The streams maintain a buffer for both reading and writing. The size of the buffer is specified by the client in creation time. This is used, for example, to provide efficient character-based I/O.

Operation Modes

A stream can be opened in one of the following operation modes:

Read mode
The stream is opened for reading. Writing is forbidden. The initial position of the read-pointer is 0. If it is a file stream then the underlying open file should support reading.
Write mode
The stream is opened for writing. Reading is forbidden. The initial position of the write-pointer is 0. If it is a file stream then the underlying open file should support writing.

Reading data

A stream provides the following operations to read data from the memory buffer or open file:

  • Read a chunk of a specified number of consecutive octects and store it in a given buffer.
  • Read a single character (octet) in an efficient way and return its numeric code.
  • Peek a single character (octet) in an efficient way and return its numeric code.

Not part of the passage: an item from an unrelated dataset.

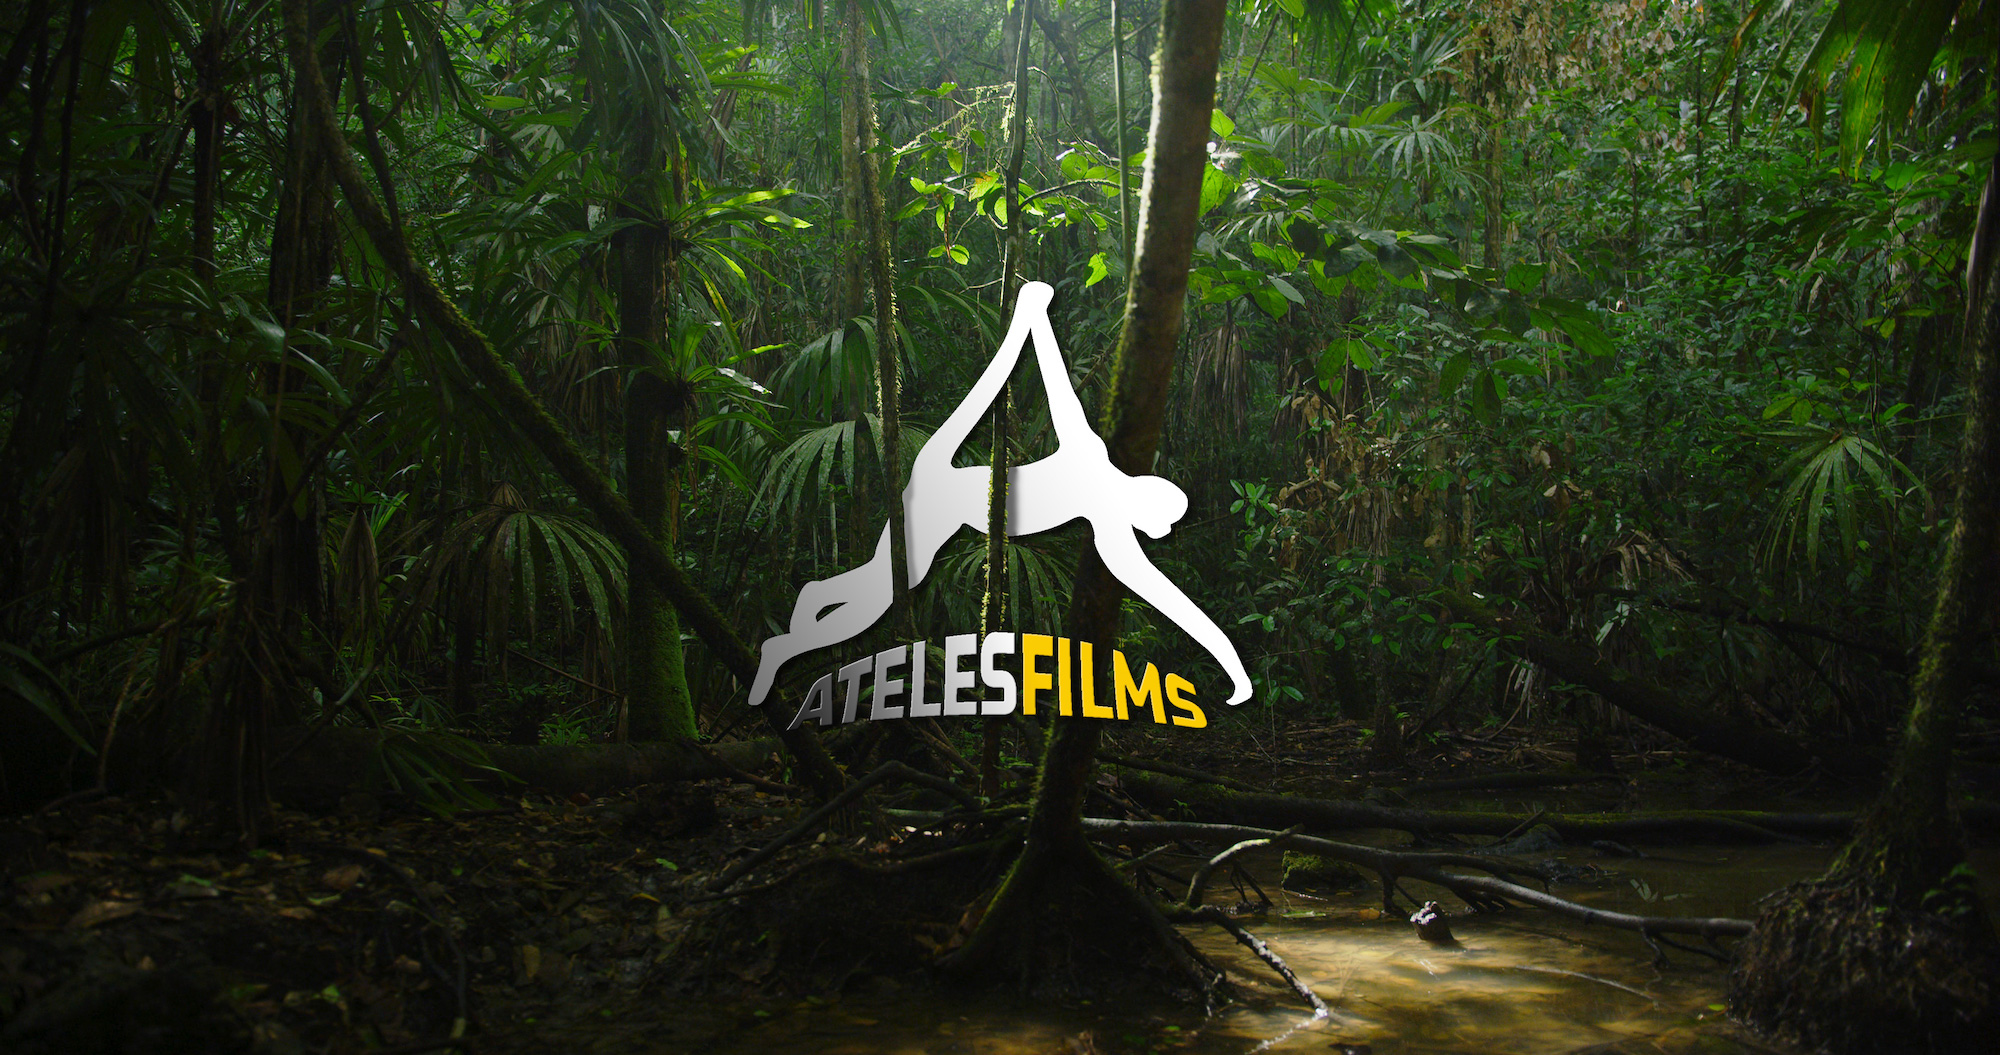 Ateles Films Logo Jungle

The stream manages the end-of-data condition in the following way:

  • When reading a specified number of consecutive octects, it will return the number of octects currently readed and stored in the specified buffer. If that number if less than the requested number of octects then the stream is in a end-of-data condition.
  • When reading or peeking a single character, return an integer able to store a special value PDF_EOF. The caller then can check that condition before casting the returned value to a character one.

Writing data

The stream provides the following operations to write data in a memory buffer or open file:

  • Write a chunk of a specified number of consecutive octects.

The stream manages the end-of-data condition returning the number of octects actually written in the stream. If that number is less than the requested number of octects then the stream is in a end-of-data condition.

Positioning

The streams support the notion of read and write pointers. A pointer value is measured in positions, where a position is a offset relative to the beginning of the stream storage in octects.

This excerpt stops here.